На грани человечности
Шрифт:
Сам же ты, любимый, тщился исправить что-то, хотя ничего уж поделать невозможно было. Отталкивал из последних сил: беги от меня, старика, не губи молодой свой век. Да слушала ли тебя юность зелёная, безрассудная? Может, не юность - просто судьба?
И в итоге что? Самозабвенно шумит притон вокруг, и сочувственно молчат друзья рядом...

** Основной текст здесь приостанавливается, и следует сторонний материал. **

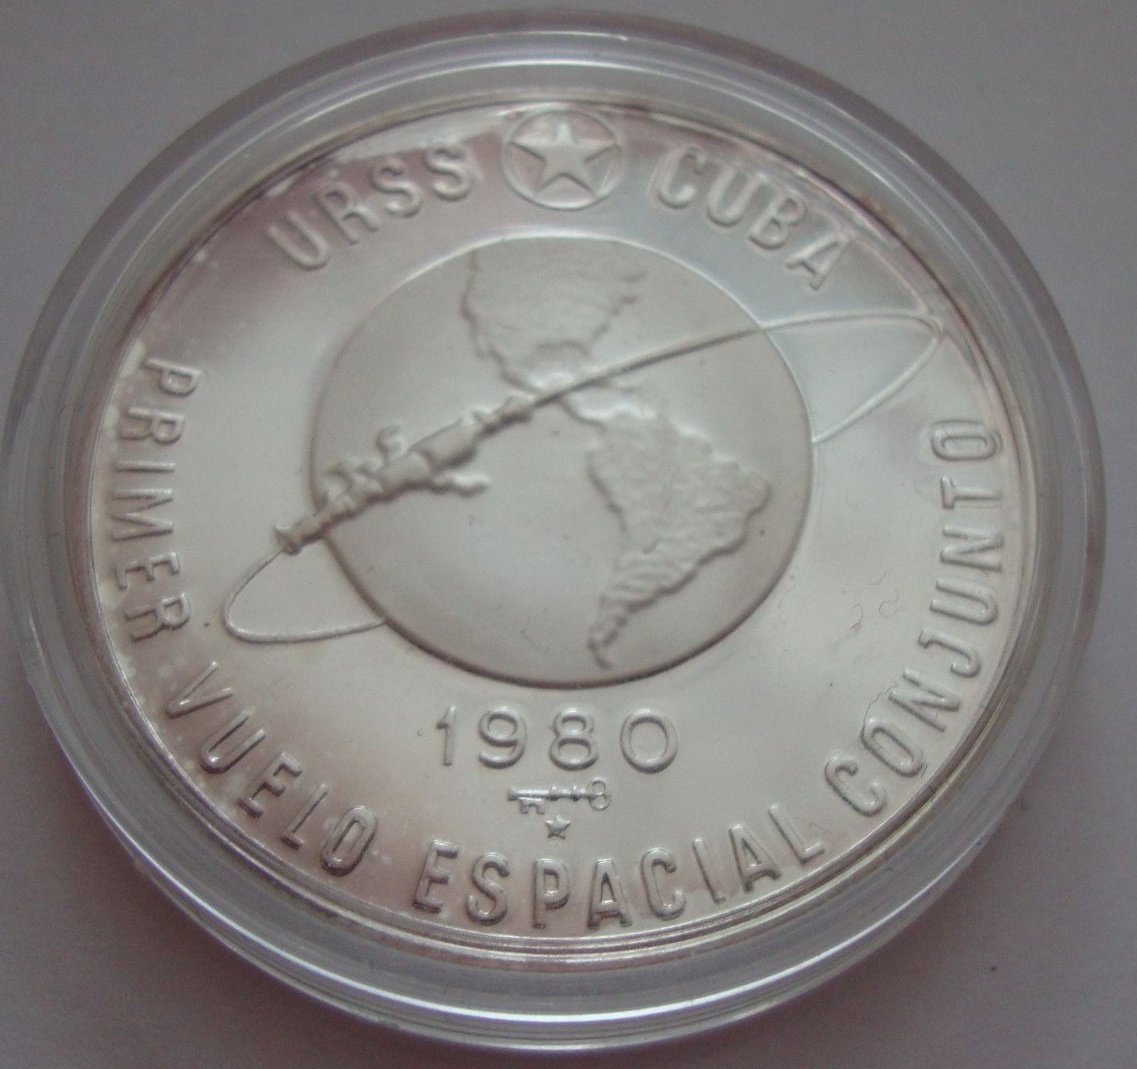 Cuba. 1980. 10 pesos. Series: First Joint Space Flight. -#1. First Soviet - Cuban Space Flight. Globe. 0.999 Silver. 0.5782 Oz ASW. 18.0g. BU. KM#50. UNC. Mintage: 10,000

...То мелкий дождик на заре, то звон капели. Я заблудилась в сентябре, а ты - в апреле. И между нами - не лета, меж нами - лето. Ночей туманных темнота и свет рассвета...
–
– поинтересовался Тарла восхищённым шёпотом.
Неужто вслух произнесла? да ёще в мгновенном переводе?

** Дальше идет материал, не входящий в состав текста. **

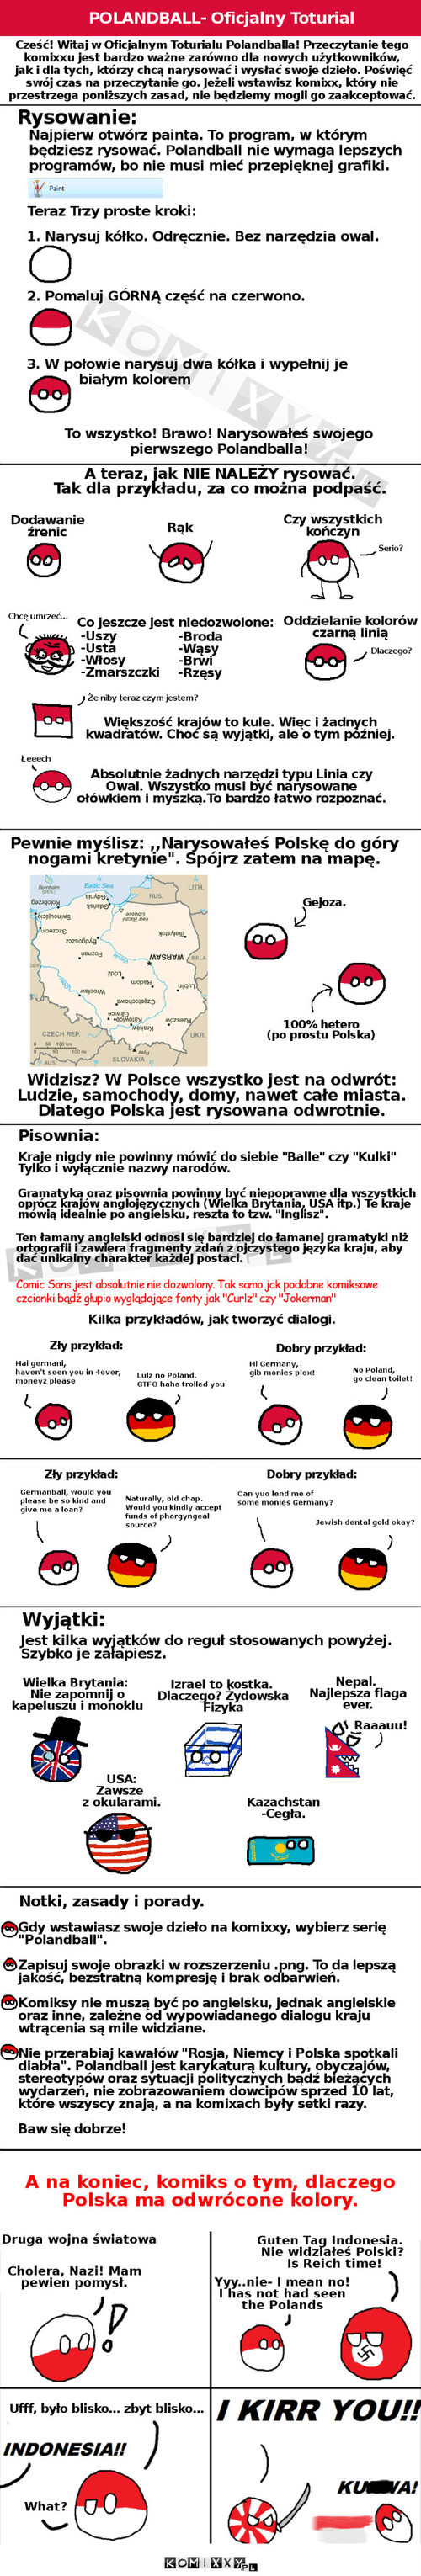 Oficjalny tutorial Polandballa –

– Старинная песня, - отозвалась Суламифь уклончиво.
– И мне, сестра Вайрика, думалось тогда: то, что разделяет нас с Гандаром, печали не стоит, - вздохнула престарелая художница.
– Воистину, Мастер. Недалёк день, когда воссоединитесь вы в Чертогах Горних.
– В свои слова Суламифь вложила всю искренность и убеждённость конфедератки.
– Что ж, - медленно выговорила Томирела.
– В делах небесных вы не в пример многим сведущи, Вайрика. Нам грешным - прожить бы достойно жизнь земную, мимолётную.
– О насущном, впрямь, печёмся более, - подхватил Тарла.
– В храм же нечасто заглядываем, молимся от случая к случаю, пожертвования платим и того реже. Мы таковы, таков и Гандар был, покойник. Куда уж нам - в Чертоги Горние.
– Храм - здесь.
– Суламифь коснулась лба и груди.
– Только достойная жизнь земная - ключ к Чертогам Горним. Честно служил людям - вот и молитва; солгал, предал - вот и богохульство. Золотом Небеса не подкупишь. А храмы возведённые - сие есть молитва вдохновенных зодчих. И долгие века будут они дарить красоту людям.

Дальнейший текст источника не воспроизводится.